Слушая очередную родительскую брань, Кирилл поймал себя на том, что жутко скучает по Кате. Из гостиной неслось:
– У меня в печенках сидят твои претензии! Дай мне жить! Жи-ить, понимаешь?! Сколько лет я пахал как проклятый. Сколько лет я по кирпичу строил риелторскую империю! Для чего? Чтобы сидеть в ошейнике и наморднике у твоей юбки? Хочешь загнать меня, белого человека, назад в совковое рабство!? Не выйдет! Я свободен!
– Я! Я! Я! Тебе известны другие местоимения?! Скажи зачем?! Зачем ты живешь с нами? Почему не оставишь нас в покое, не переедешь в любую другую квартиру? Неужели твоя жадность дошла до того, что ты… Боже мой! Как я могла! Какая я дура! Зачем подписала этот сволочной брачный контракт? Как могла променять родительскую квартиру на денежное пособие от тебя? Ведь должна была догадаться, чем это кончится! Ты затуманил мне мозги! Поставил в вечную зависимость. Делаешь все, что тебе угодно, превратил меня в служанку, в твой придаток!
– Хреновый из тебя придаток!
– Надо было засадить тебя за решетку! Тогда, пятнадцать лет назад, когда ты вляпался в тот криминал.
– Что ты несешь, идиотка?! Заткнись!
– Не затыкай меня! Благородства в тебе ни на грамм. Мама правильно говорила, она видела тебя насквозь! Когда Денис сел отдуваться за вас двоих, ты ни разу к нему не съездил! А ведь это ты, ты должен был сидеть вместо него! Из-за тебя он спился, когда вышел, и сдох под забором как собака! Он был лучше тебя, во сто крат лучше! Вот она, твоя благодарность! Ты сволочь!

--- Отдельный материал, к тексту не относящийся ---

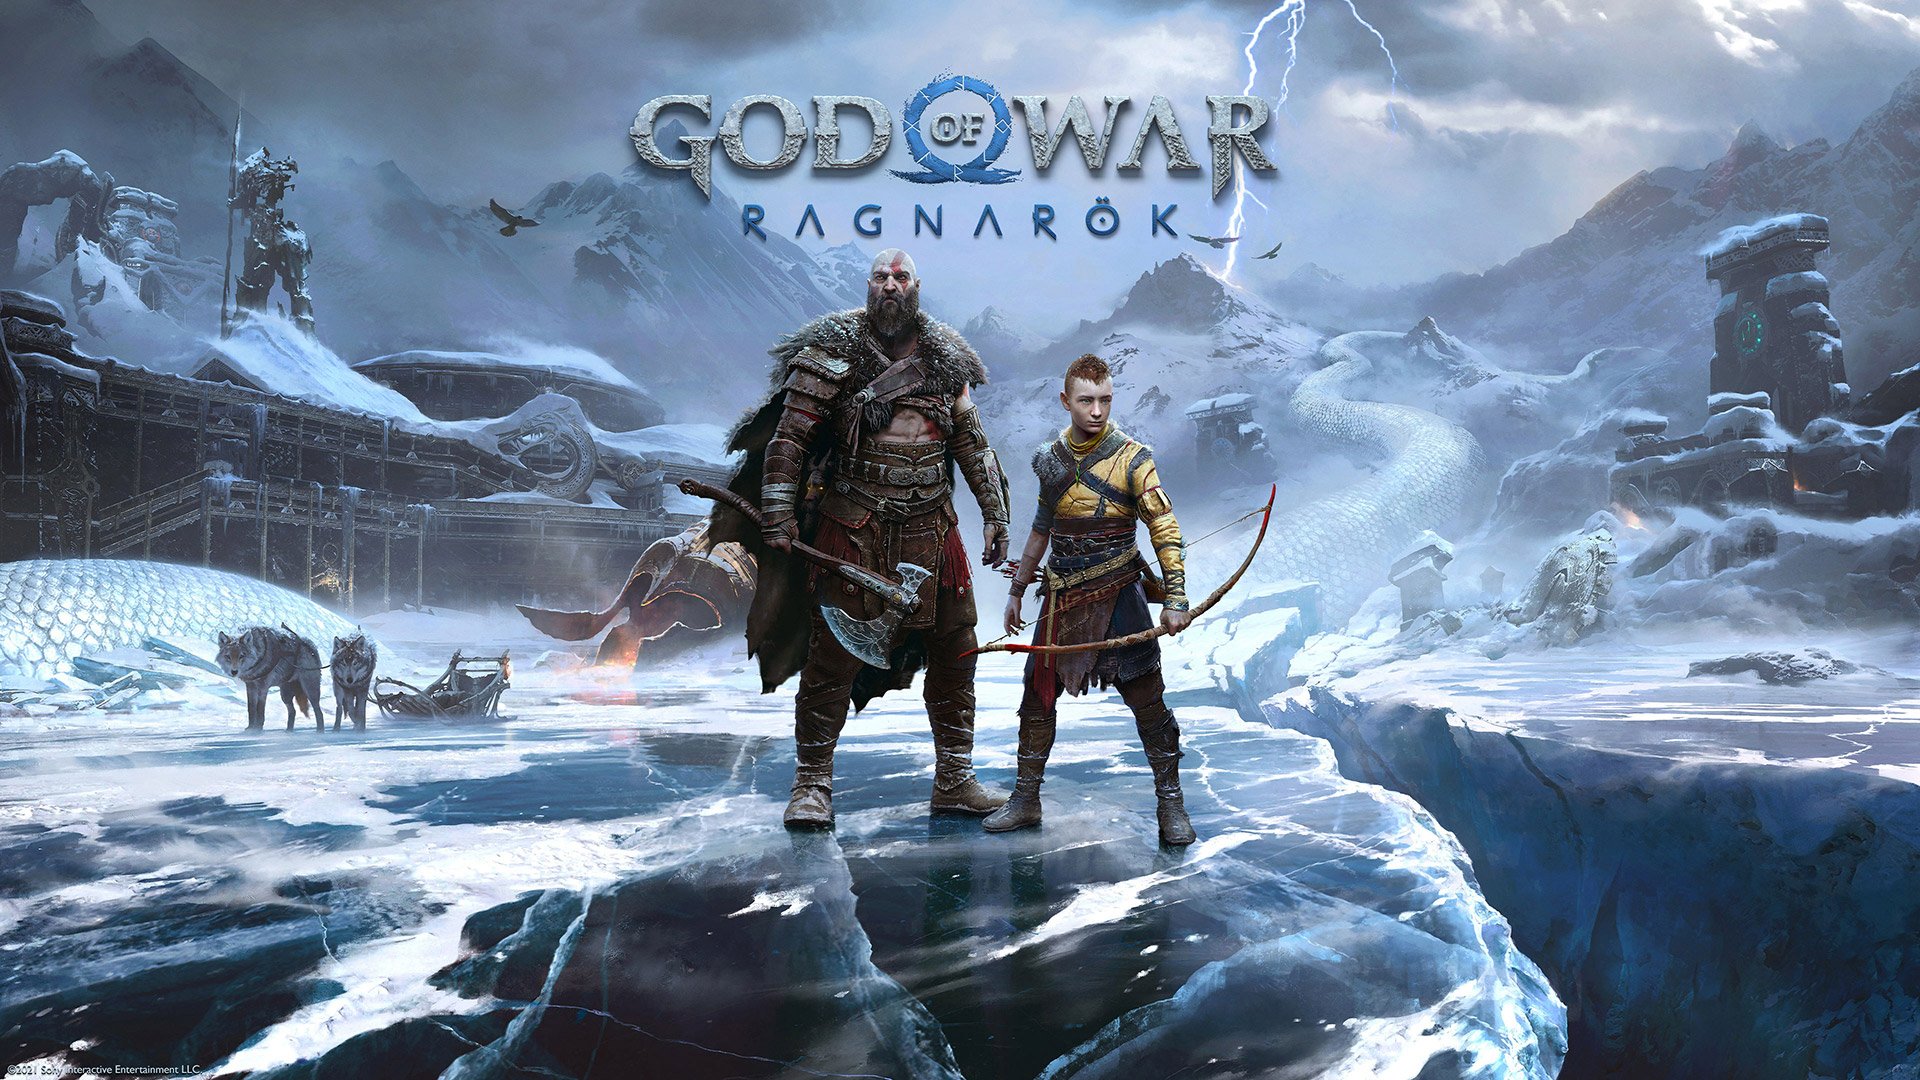 God of War: Ragnarok - grafika promocyjna

– Заткнись! Я кому сказал, заткнись!
Кирилл перевернулся на диване, закрыл голову подушкой. Его былые подростковые попытки встревать в их ссоры, желая их усмирить, всегда терпели фиаско. Однажды, встав между ними, он реально испугался их глаз. От него по сторонам, не видя его, стояли с обезображенными лицами два монстра, зараженные бациллой взаимных попреков. Именно с того дня Кирилл постепенно стал приходить к выводу: его родители испытывают от брани странное садомазохистское удовлетворение. Особенно удавалось это отцу. Он мастерски аккумулировал полученную в скандале энергию, используя ее в качестве топлива для карьерных достижений. Где-то с год назад, с целью оградить себя от подобных прослушиваний, Кирилл купил беруши. Но когда становился отрезанным от происходящего, пугался за мать. Что, если отец ударит ее, а он не сможет вовремя прийти на помощь? Он не переставал удивляться, почему отец не переедет в любое другое жилье из приобретенного им в последние двенадцать лет. Неужели полновластному хозяину риелторского агентства, учредителю и гендиректору в одном лице, настолько важны какие-то шестьдесят – семьдесят тысяч в месяц, которые он, помимо основной прибыли, имеет со сдачи каждой из квартир? Кириллу было противно за мать. Больно и противно. С отцом давно все было ясно. Отцу, с его квартирным помешательством, никогда не было до него дела. А вот мать… Кирилл любил ее, все еще по-детски, до спазмов в горле, вернее, не ее теперешнюю, а воспоминание о ней – той, прежней, веселой, неунывающей, похожей на подростка, с мальчишеской стрижкой, у которой всегда был готов ответ на любой его вопрос. Когда она в узких джинсах и кожаной куртке-косухе приходила к школе встречать его, он не смущался, как некоторые ребята рядом с матерями, наоборот, радостно подбегал к ней, она клала ему руку на плечо, как взрослому, они шли домой и обязательно над чем-нибудь хохотали. Она не спрашивала, как у него дела в школе, потому что знала – все хорошо, ведь он «весь в нее». По дороге могли зайти в кафе, заказать чего-нибудь вкусненького, и Кирилл помнил, как проходящие мимо по улице мужчины заглядывались на нее сквозь большие оконные стекла.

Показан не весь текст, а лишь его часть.